We completed the full design, development, manufacturing, CE marking, FDA Registration and USA launch of a sterile self-aid urology system in 18 months. Securing regional and major national distribution contracts, key opinion leadership (KOL) sponsorships and adoption at a leading rehabilitation hospital.
Taking an existing product idea, we used our expertise to redesign the product, manage the full verification, validation, usability assessments and safety accreditation of an electronic monitor and wearable device.
Following the set up of the clean-room manufacturing in Asia, we gained HCPCS Reimbursement coding and managed the full product launch and supply chain. Obtaining ISO13485:2003 and ISO13485:2012 accreditation, CE Marking and FDA Registration on behalf of our client.

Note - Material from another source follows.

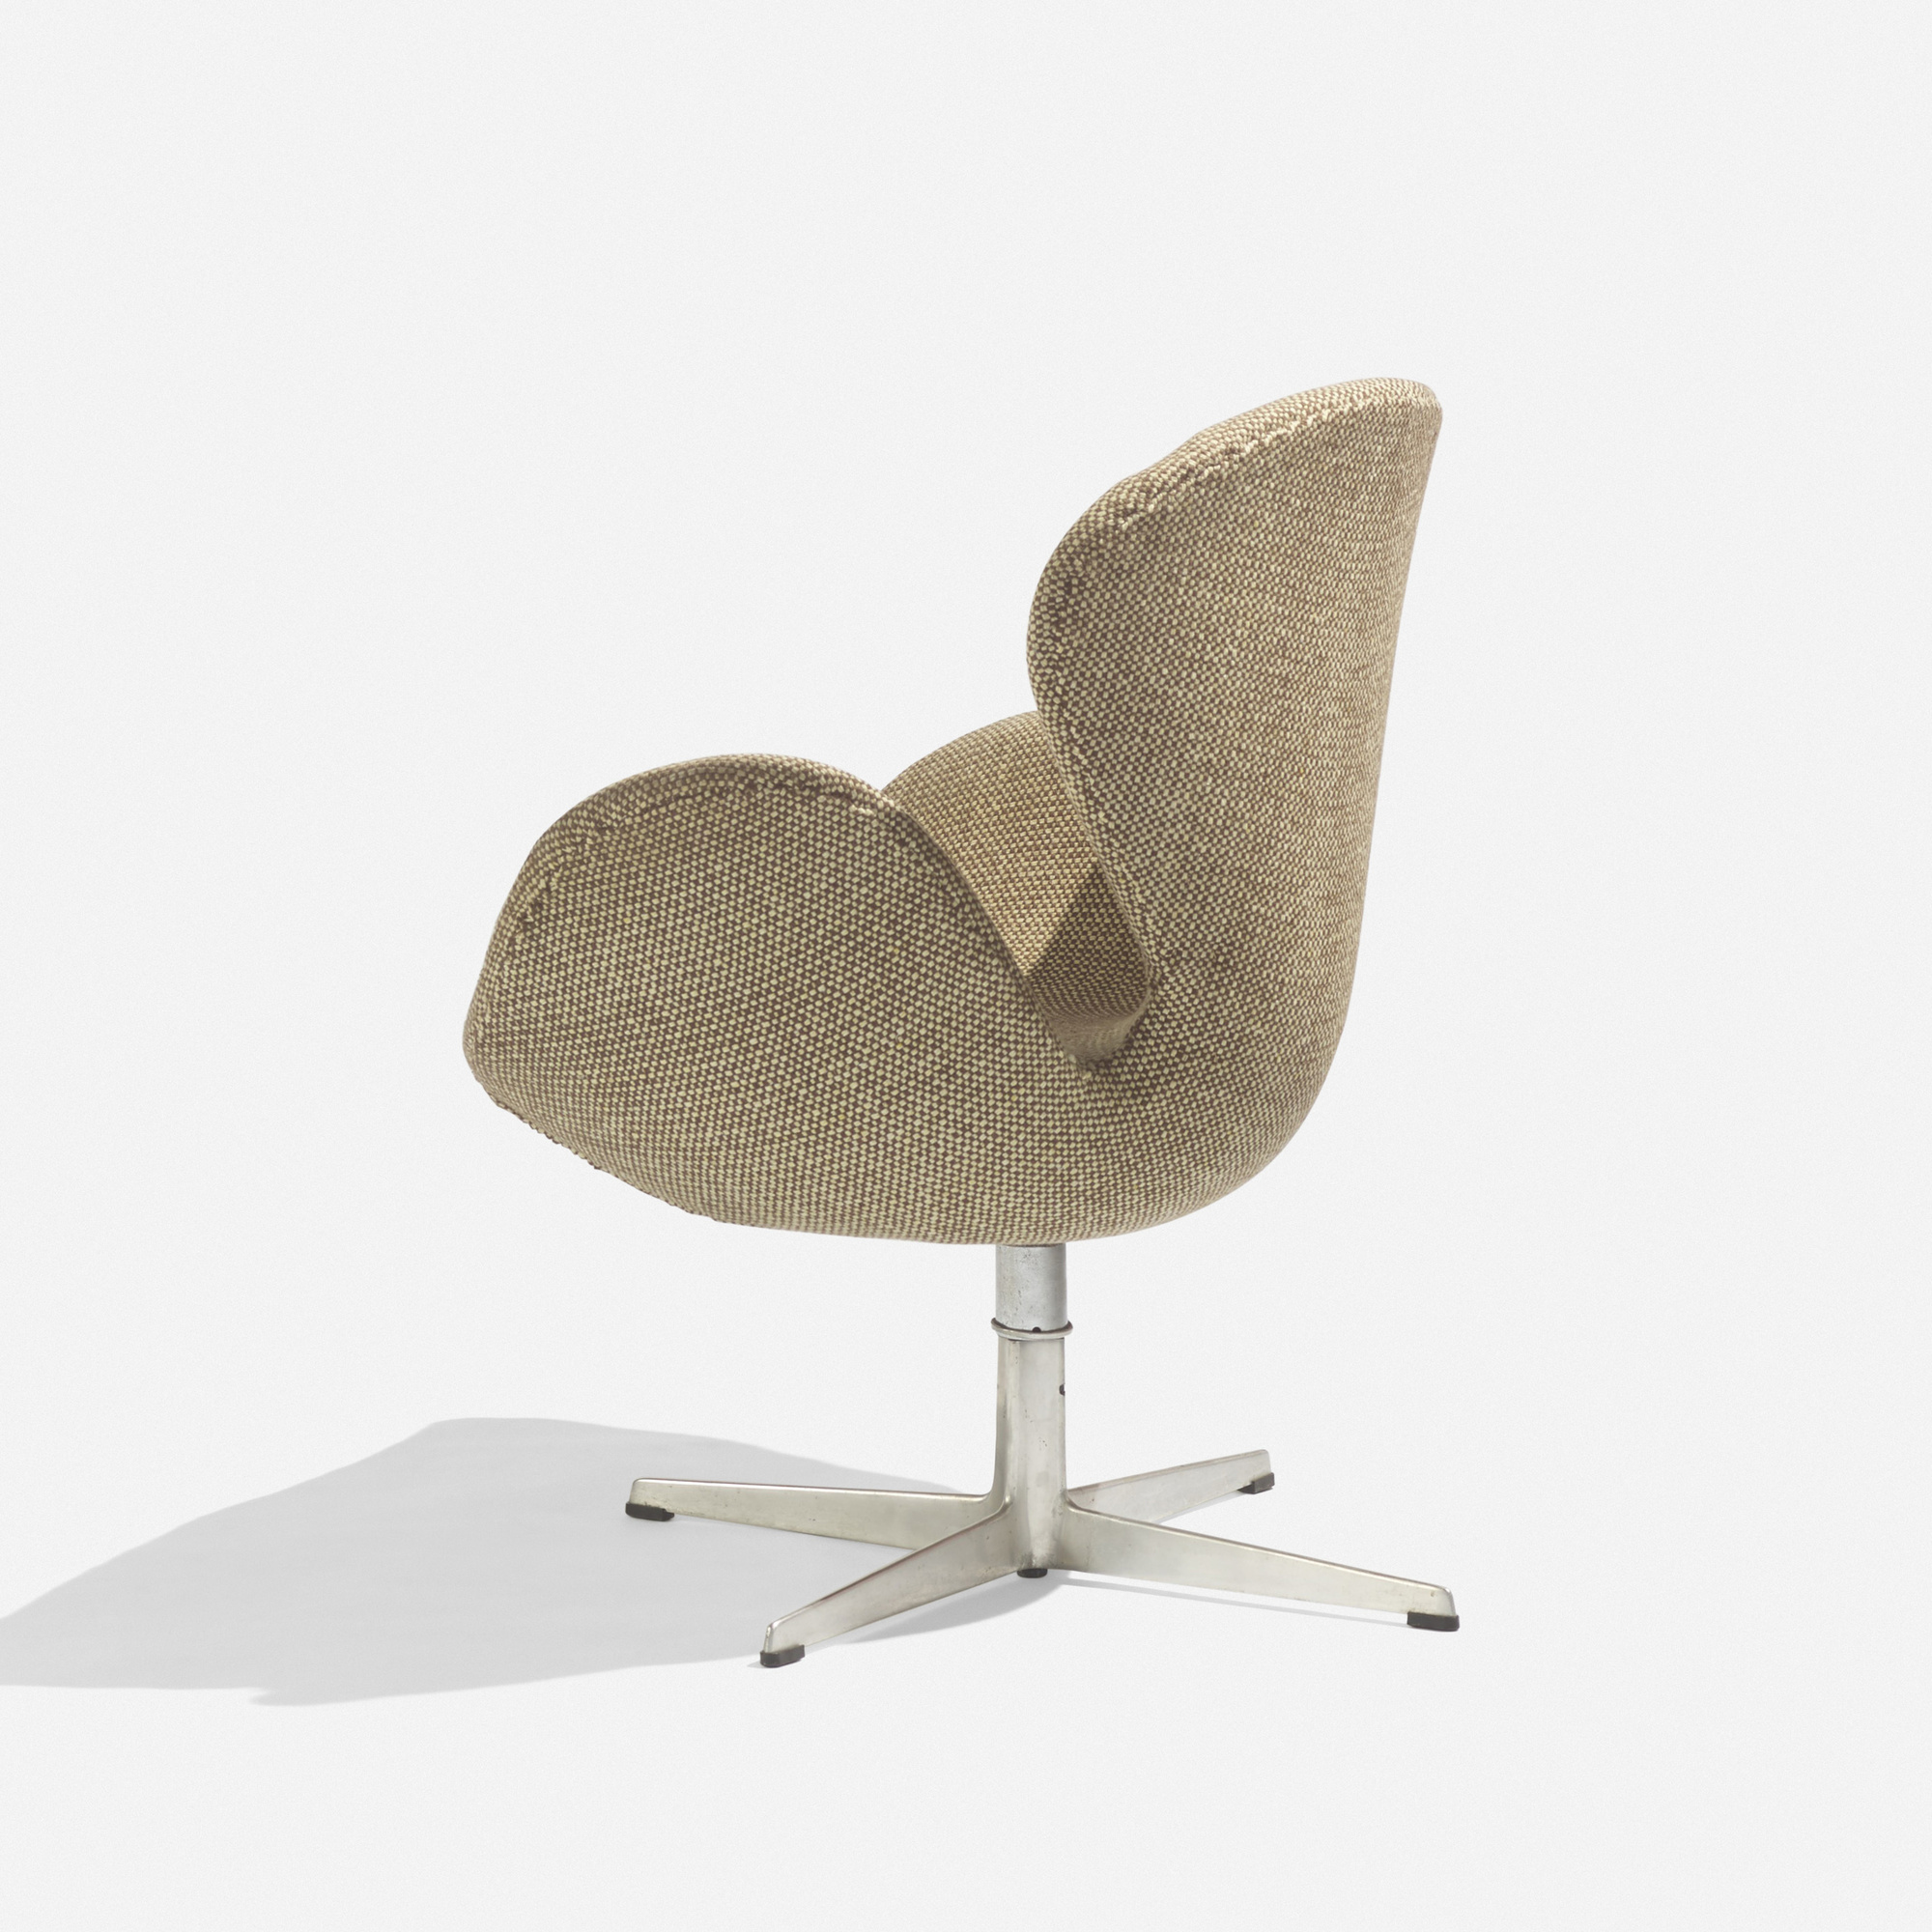 Ordinaire ... 220: Arne Jacobsen / Swan Chair (3 Of 3)

During an unannounced CE audit of Medtechtomarket, the technical design history and quality management files were audited as part of the CE marking process during customer due diligence and passed a 4-day FDA inspection.

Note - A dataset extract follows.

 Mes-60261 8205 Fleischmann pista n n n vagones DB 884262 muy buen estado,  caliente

The product was launched in the USA and was a finalist in the 2015 Home Medical Equipment Retail Product awards and has featured in several high-profile trade and disability user publications.
The company signed a number of national and regional distributors, wholesalers and sales representatives and the technology was adopted by the top rehabilitation hospitals throughout the USA. The product was well received and supported by high profile KOL endorsements including a former Gold Medal Paralympian athlete, along with user and industry experts.